Em segundo lugar, não é óbvio que um mundo no qual exista muito mal seja
preferível a um mundo no qual existisse menos mal e, consequentemente,
menos santos e heróis. De facto, há qualquer coisa de ofensivo na tentativa de
justificar a agonia de uma criança que morre de uma doença incurável, por
exemplo, argumentando que isto permite que os que a presenciam se tornem
melhores pessoas do ponto de vista moral. Iria realmente um deus sumamente
bom usar tais métodos para nos ajudar a aperfeiçoar-nos moralmente? (...)
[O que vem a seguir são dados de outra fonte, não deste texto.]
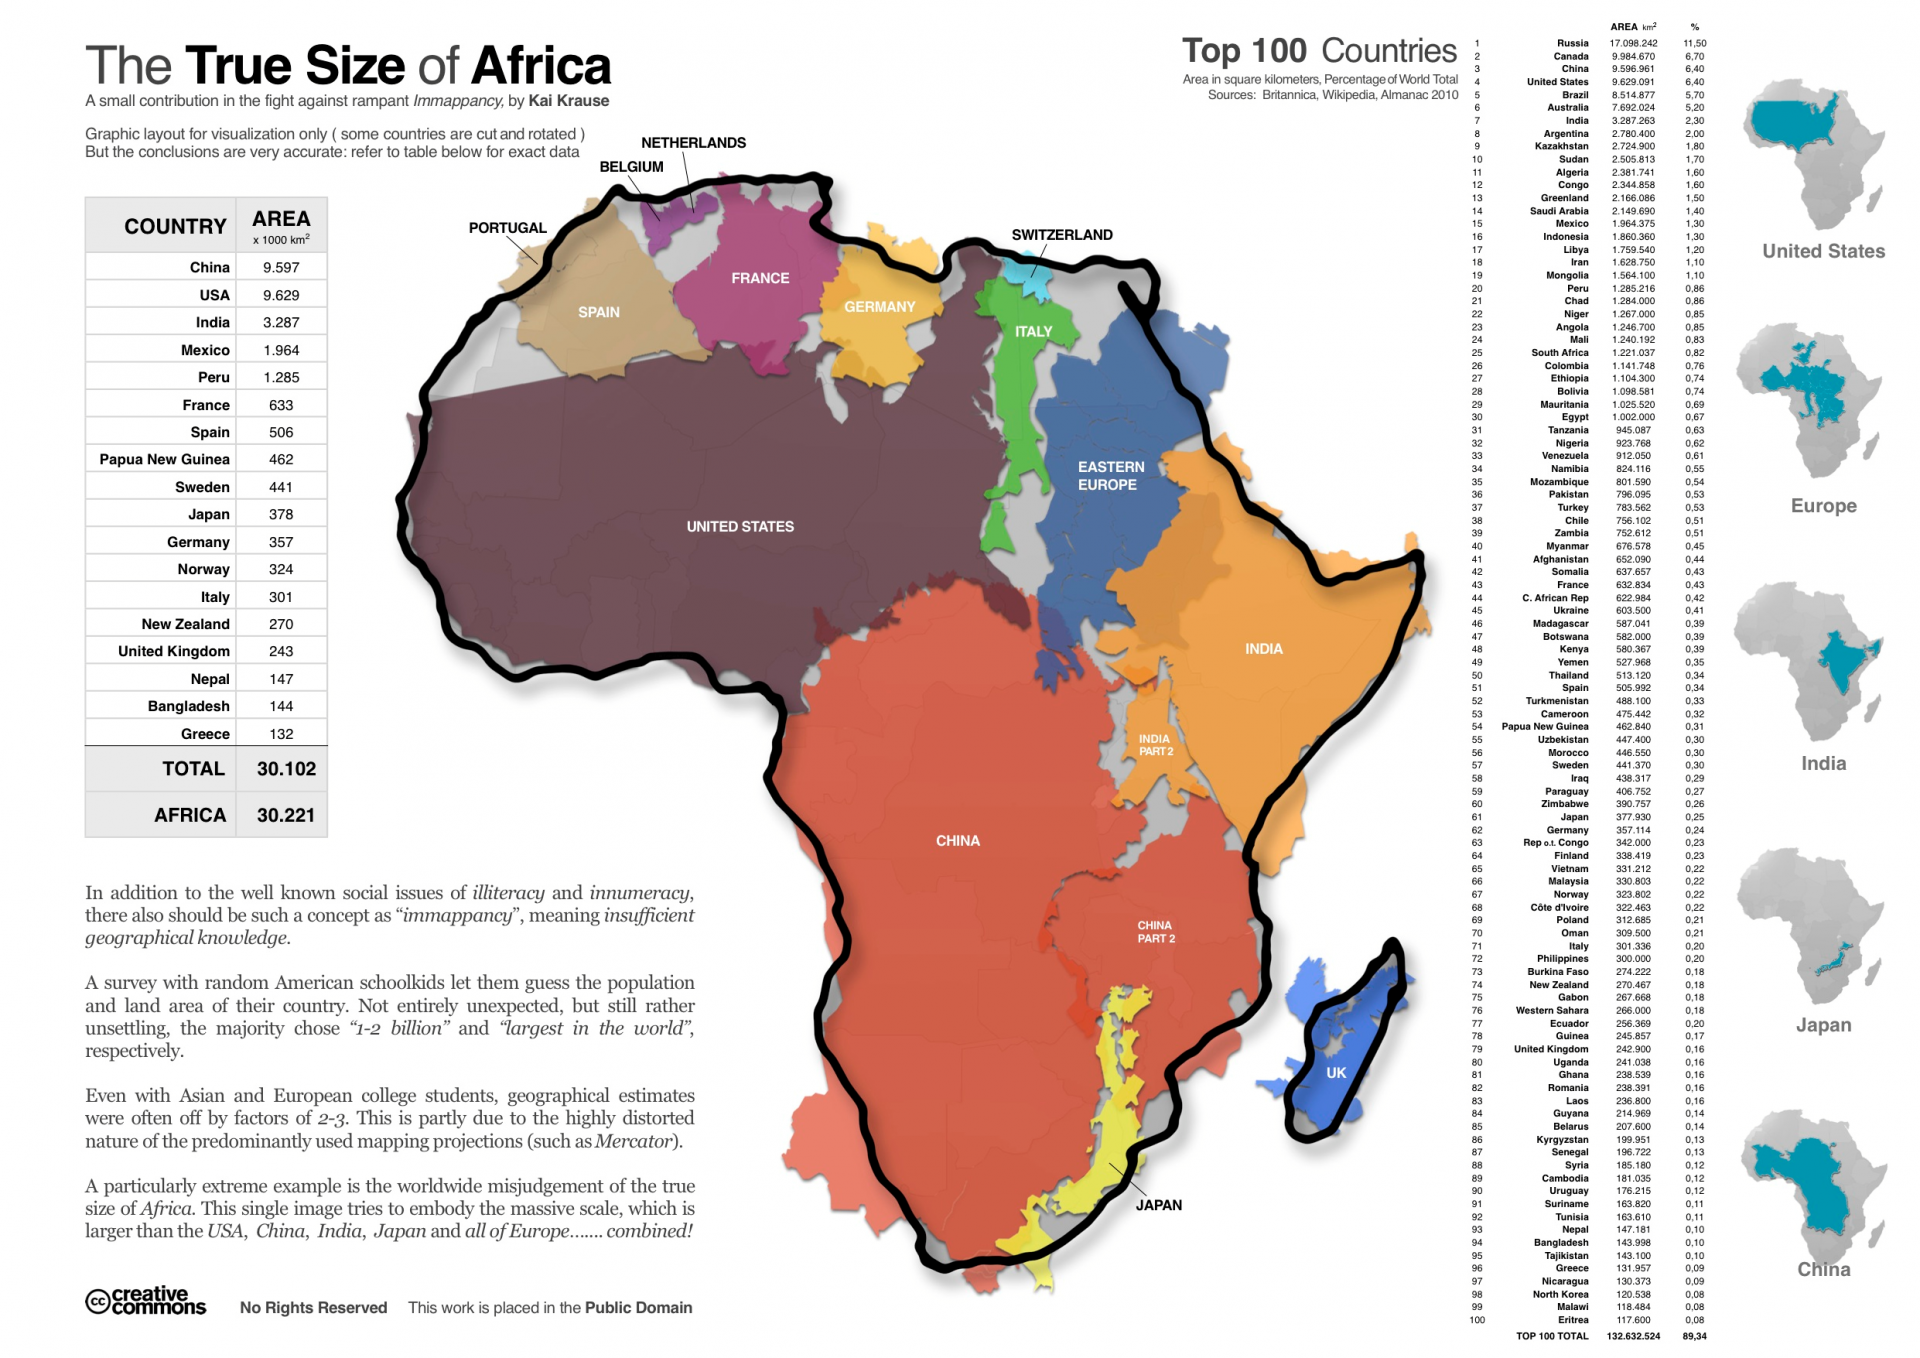 Karte der wirklichen Größe Afrikas, erstellt von Kai Kause.

Críticas à Defesa do Livre Arbítrio
Admite dois pressupostos básicos
O pressuposto básico que a defesa do livre arbítrio admite é o de que um
mundo com livre arbítrio e a possibilidade do mal é preferível a um mundo de
pessoas-robots que nunca praticam más ações. Mas será isto obviamente
verdade? O sofrimento pode ser tão terrível que muitas pessoas, dada a
possibilidade de escolha, prefeririam que toda a gente tivesse sido pré-
programada para só praticar o bem, em vez de ter de passar por certos
sofrimentos. Estes seres pré-programados poderiam mesmo ter sido concebidos
de maneira a acreditarem ter livre arbítrio, apesar de o não terem: poderiam ter
a ilusão do livre arbítrio com todos os benefícios que a crença de que seriam
livres lhes traria, mas sem nenhuma das desvantagens. (...)
Não explica o mal natural
Uma crítica da maior importância à defesa do livre arbítrio afirma que este
argumento só poderá, na melhor das hipóteses, justificar a existência do mal
moral, o que resulta diretamente dos seres humanos. Não se concebe qualquer
conexão entre a posse de livre arbítrio e a existência de males naturais, como
terramotos, doenças, erupções vulcânicas, etc., a não ser que se aceite uma
espécie qualquer da doutrina do pecado original, segundo a qual a traição da
confiança de Deus, perpetrada por Adão e Eva, terá trazido toda a espécie de
mal ao mundo. (...) “
Nigel Warburton, Elementos Básicos de Filosofia, Gradiva, Lisboa, 1998, pp.